I’m not saying you should moderate all your comments. Strangers stop by all the time and comment and go on their merry way. You don’t have to have a liege of followers who hang onto your every post. But if you keep an eye on how many people comment on your posts (I think everyone does to one degree or another), be aware that not every comment is a true comment about you. Most of these spammies just sit in your e-mail notifications as someone who commented on your writing. They don’t have viruses or attachments, but yet when you click on their name to see who they are, who knows what that does?

I know anyone can type anything anywhere, and anyone can type your email address into anything. My husband was a victim of the recent Target scandal, and all he did was buy a Christmas present. So all this blog is about is keep your eyes open. If it’s too incredible, it’s not. If you’ve received a ton of comments on your blogs and you usually get a half dozen, sniff around. Something’s up.

But don’t worry — Big Granny is here looking out for you — and reading your stuff — so keep on reading and keep on commenting.

Fakey Spammies Always Get What’s Coming To Them….

 

Sneaky Little Spammies

trash can, opened, top at sideAs I prepare for my next blog, I keep getting informational e-mails that someone has commented on my blog, which excites me, until I find out it’s some totally different subject they’re talking about to some totally different person. And I realize…yep. The Sneaker Spammer has snuck through my door.

I am way over trusting when it comes to things in this world — you tell me the sky is blue, I believe the sky is blue. You tell me you saw an alien spaceship land in your back yard, I believe an alien spaceship landed in your yard. I also believed my spammy guard was smart enough to cut out things other than Chinese or Arabic.

Guess not.

So I have dropped to the moronic level of Spammies everywhere, and will begin moderating the comments. I love free speech and all, but I love privacy, too.

New blog coming soon — feel free to comment on it — and I’ll be sure to let you through!

Have I Got a Deal For You

vectorSmileyWinkSlipping in and out of a boring football game, wondering what to write about this evening, I took a stroll through my blog’s spam folder. I have to give con artists, embezzlers, virus junkies and idiots their due.  The do so try to get your attention — often with a hilarious premise.

You obviously know what youre talking about, why throw away your intelligence on just posting videos to your blog when you could be giving  us something enlightening to read?

At least they acknowledge I am intelligent…

This post gives clear idea in favor of the new viewers of blogging, that really how to do blogging.

Translation, please?

The effect will happen to be an awesome pop of wow in an unexpected put in. If you have sandpaper or some nail file, it is possible to give the card shoe a quick sanding.

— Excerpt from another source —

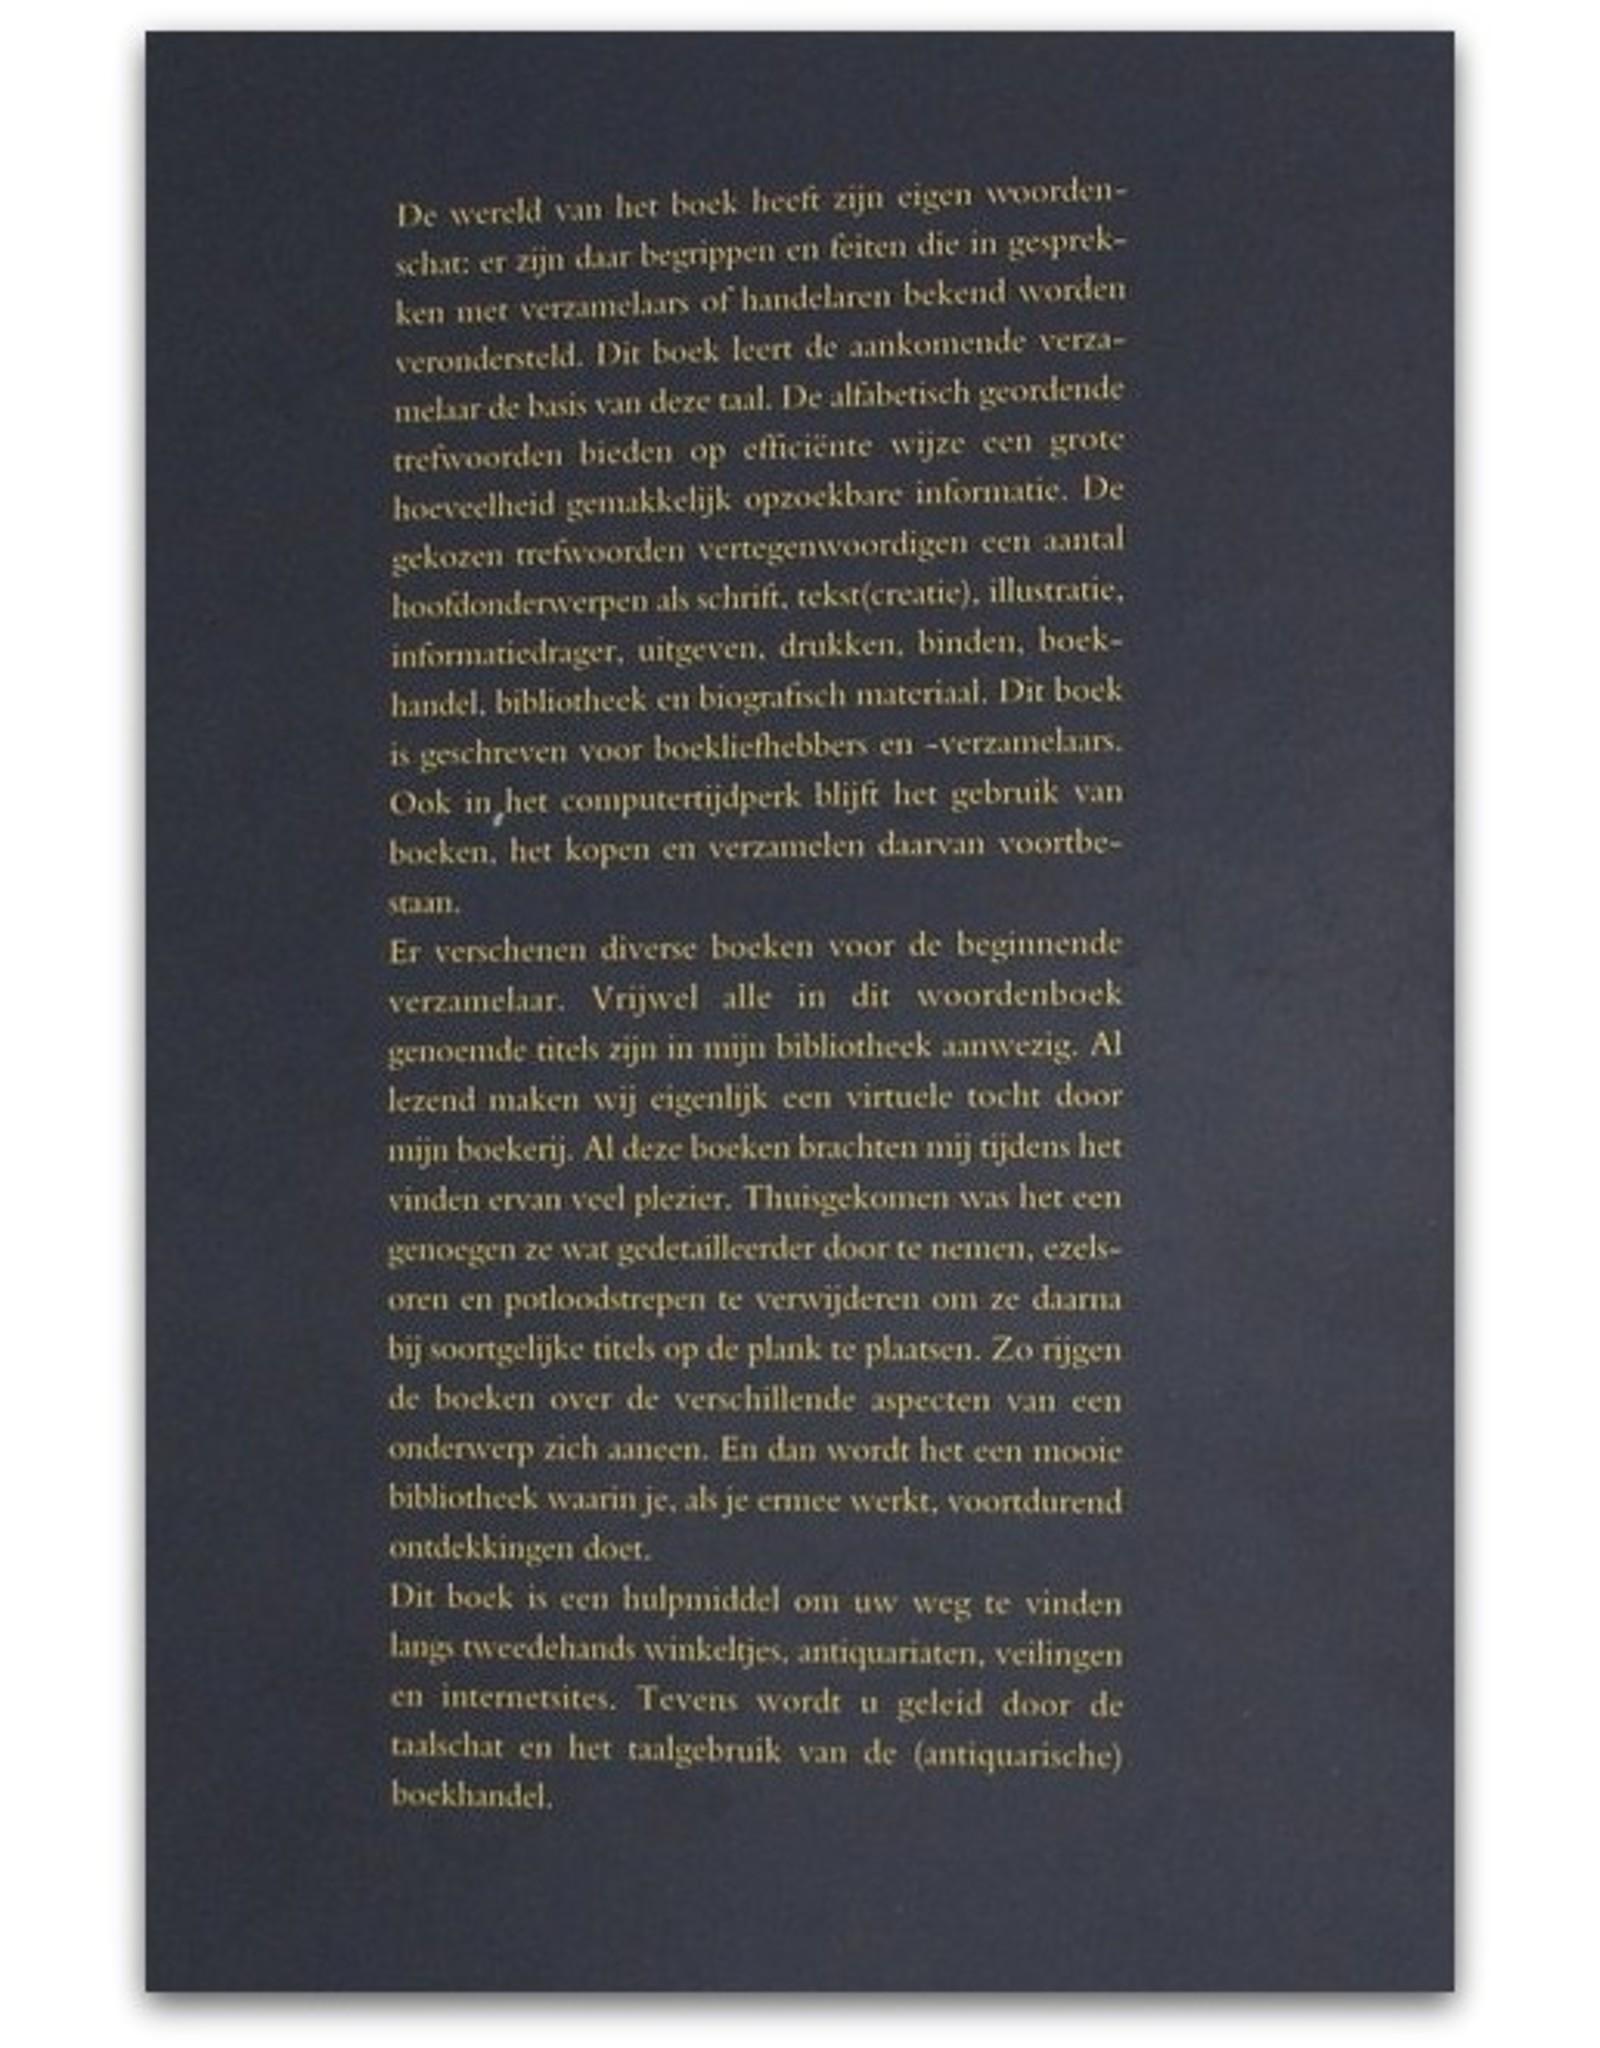 J. Ayolt Brongers - Boekwoorden woordenboek. Handleiding voor boekensneupers

They may be talking about a light bulb or a shoe…it’s hard to tell.

I was suggested this blog by my cousin. I am not sure whether this post is written by him as no one else know such detailed about my  problem. You are incredible! Thanks

Since I mostly deal with middle-age madness, I’m glad I hit all their nails on their heads.

ロレックス マスター

時計 相場

Again, translation please?

I won’t bother you with the dirty, suggestive spams…I’m sure you all get them. But Even my Goddess e-mail isn’t free from the hustlers and bustlers.

Dearest…Therefore, I decide to seek for your help in transferring the money into your bank account while I will relocate to your country and settle down with you,

Invite yourself to my bank and home, would you?

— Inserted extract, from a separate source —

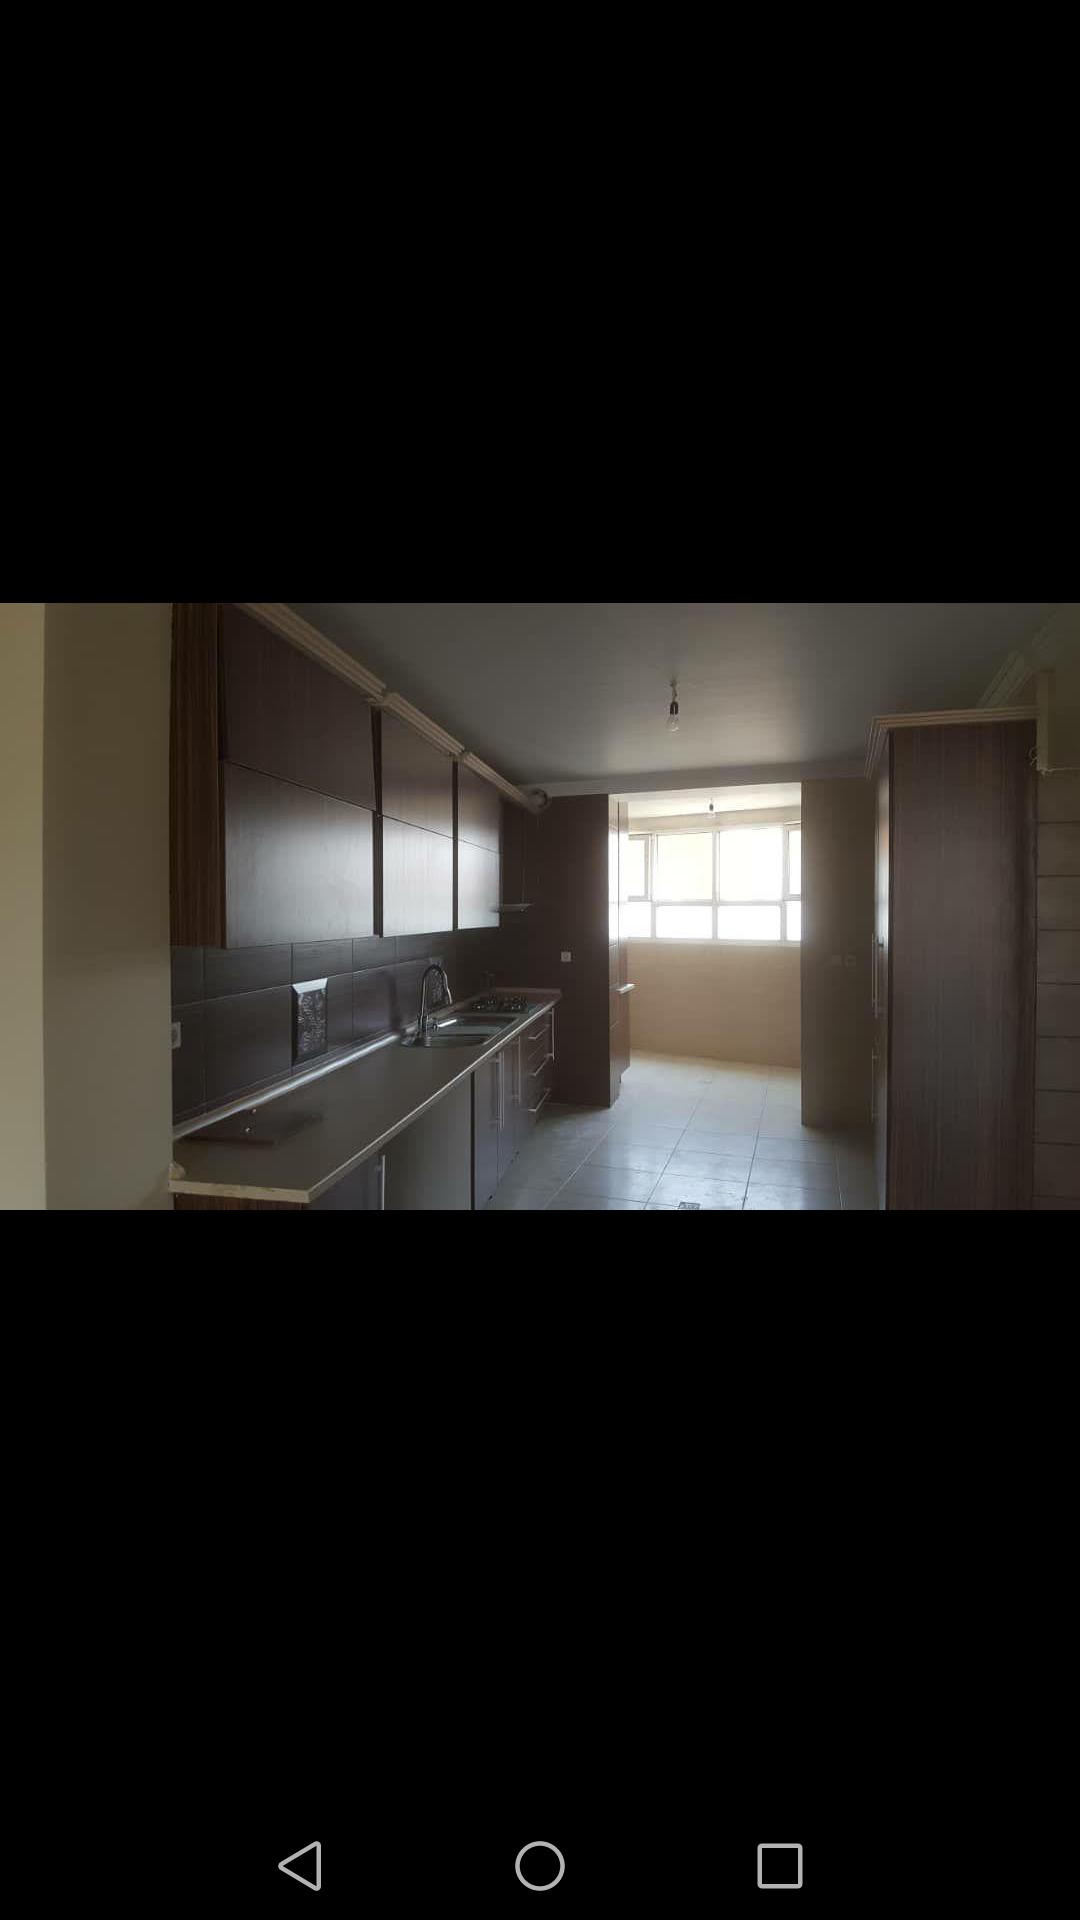 فروش اپارتمان در خیابان دقیقی اصفهان - خرید آپارتمان در اصفهان  سراملک

RE: YOUR INHERITANCE FUNDS OF $80M.
This is to notify you that your over due inheritance funds has been gazetted to be released, via key telex transfer (KTT) –

Just think — this was from Bangkok…I have inherited 80 million dollars! Who would have thought?

As you can see, there are  others who have plenty of time on their hands. Me, wasting hot bath time reading spam that is destined for the garbage, and Them, wasting time telling me things I already know — that I’m intelligent, an intuitive, can sandpaper my shoes, and have a wealthy relative in Thailand who just happened to leave me $80 mil.

I wonder if there’s a bridge in Manhattan I can buy, too?